Apple mengeksploitasi perusahaan AI Israel yang spesialisasi membaca gerakan wajah. Startup bernama Q.ai diperkirakan dihargai sebesar USD 2 miliar, sekitar Rp 33,5 triliun. Teknologinya mempelajari gerakan otot wajah saat berbicara, dengan potensi digunakan di AirPods atau FaceTime di masa depan.

Aviad Maizels, salah satu pendiri Q.ai, sebelumnya bekerja di Apple dan berkontribusi pada Face ID. Setelah kembali berdiri sendiri, perusahaan ini ditandatangani oleh eksekutif Apple. Teknologi ini juga bisa diterapkan di proyek headset pintar atau kacamata pintar.

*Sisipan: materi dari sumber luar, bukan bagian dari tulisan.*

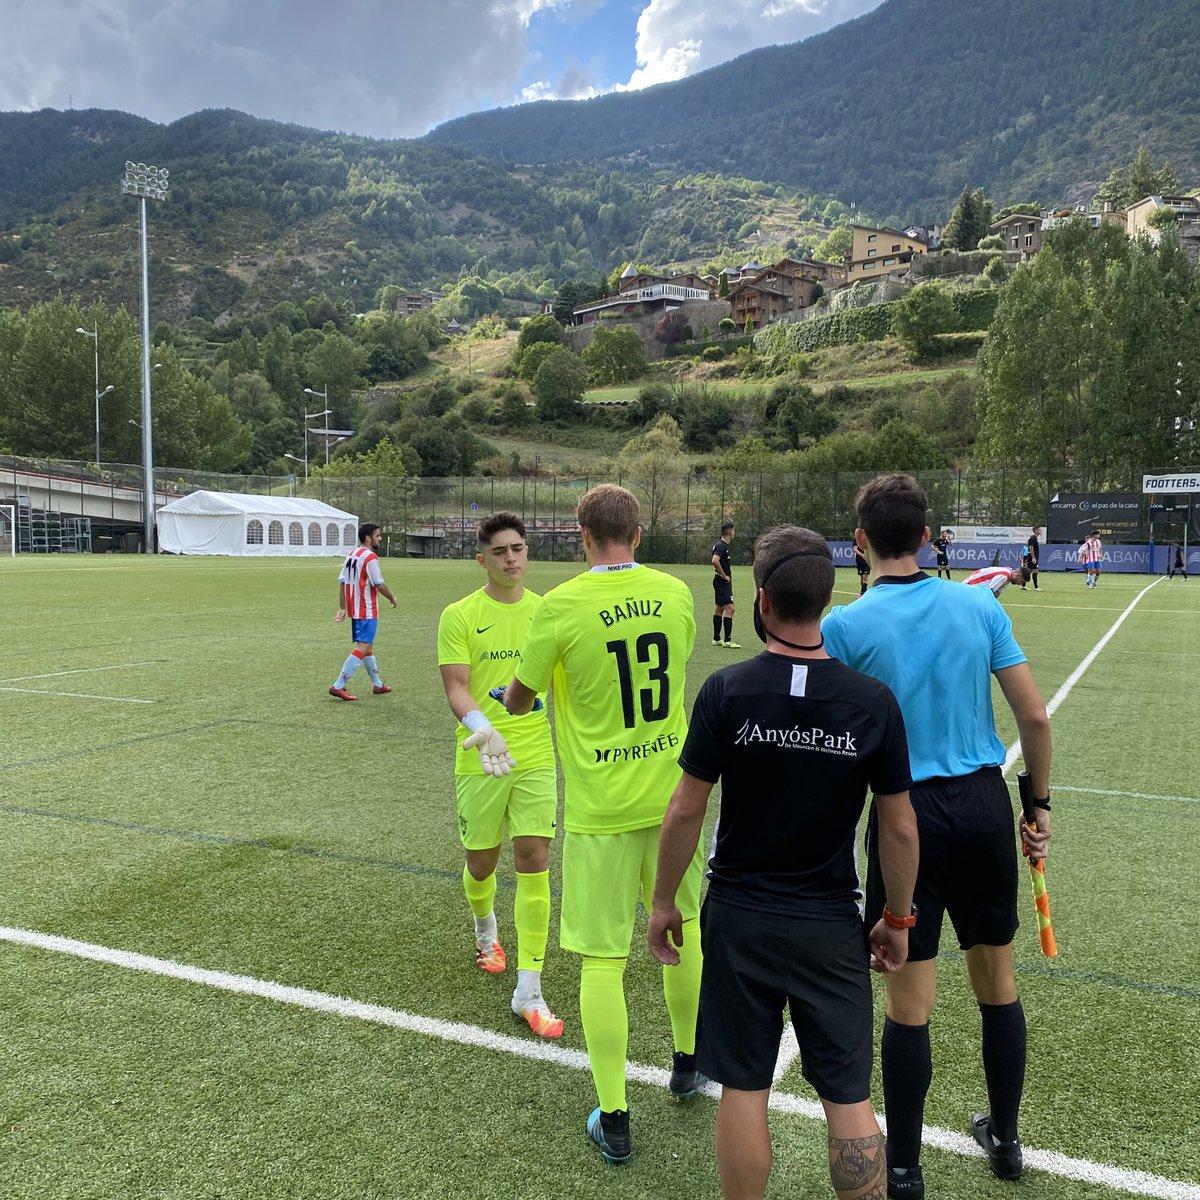 Min. 30 | 0-1 | 🔄 Canvi al @fcandorra   🔺 Entra @Miguelba26  🔻 Marxa @Diego_Huesca   #AndorraMartorell #SomTricolors🔵🟡🔴 #MésViusQueMai

Kontroversi muncul ketika Q.ai dianggap mengundang Israel dalam konflik Gaza, merajalela dengan kontribusi militer. Laporan menyebut 30% karyawan perusahaan mungkin didatangkan untuk militer IDF setelah serangan Hamas.

Inovasi ini menunjukkan kemajuan AI dalam pemahaman non-verbal, tetapi juga memicu perdebatan tentang etika teknologi. Masa depan mungkin membuka ketimpangan antara kemajuan digital dan tanggung jawab sosial, mengajak manusia memikul dampak global solusi teknologis.